My Lords, my Amendments 27 and 28 follow the same lines of argument that we have heard from the noble Baronesses but relate to paragraph 16, “Determination that arrangements are necessary and proportionate”, on page 12 of the Bill.

I know the Minister will refer us back to Section 4 of the Mental Capacity Act, which is very comprehensive in defining what “best interests” are. Clearly, the intention is that, because it is stated there as a principle at the front of the Act, that permeates through all of the issues that we will be discussing in this amendment Bill. There is always an issue when you have an amendment Bill. It is not incorporated in the principal Act and is quite difficult to follow. It will be difficult to follow for the practitioners who are going to have to operate the new provisions. This must relate, too, to the code of practice. We seek certain reassurances that it will be made clear to the people at the front line who are going to operate it that the best interests provisions in this amendment Bill will apply equally.

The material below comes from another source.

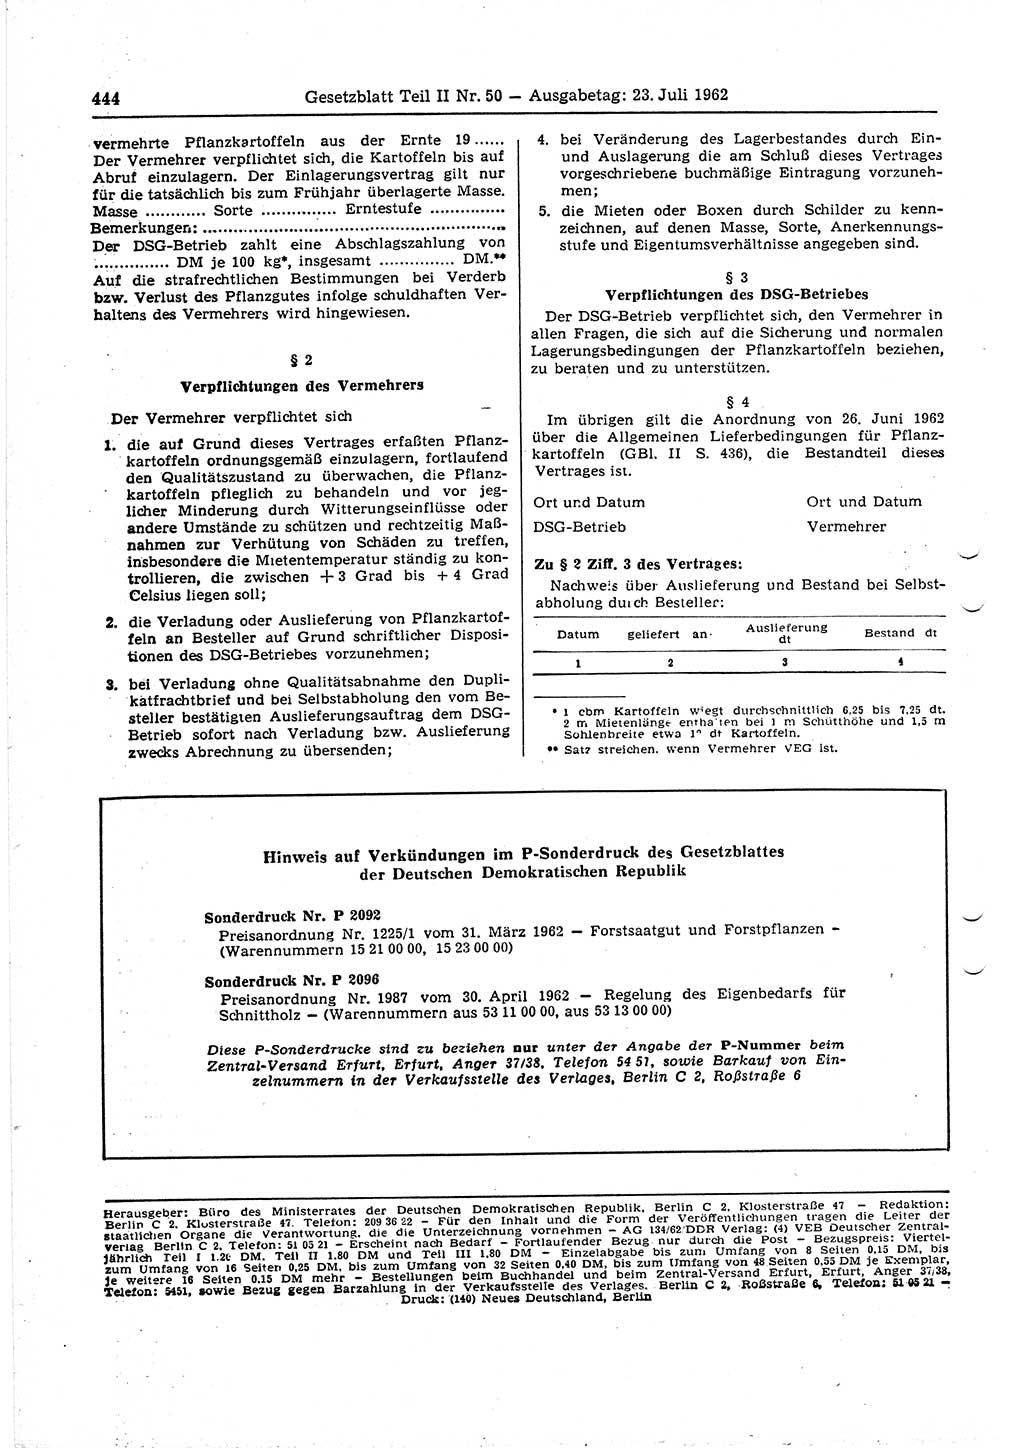 Gesetzblatt (GBl.) der Deutschen Demokratischen Republik (DDR) Teil ⅠⅠ 1962, Seite 444 (GBl. DDR ⅠⅠ 1962, S. 444)

What is confusing is the wording “necessary and proportionate”. In a sense, the Government are saying there is a qualification—that things have to be necessary and proportionate. I wonder whether that is helpful. It is confusing that we have a qualification of necessary and proportionate, but in the principal Act it is “best interests”. Clearly, these are probing amendments, seeking to tease this issue out, but I wonder whether the Government could give further consideration to how we can ensure that everyone involved is very clear that the best interests apply.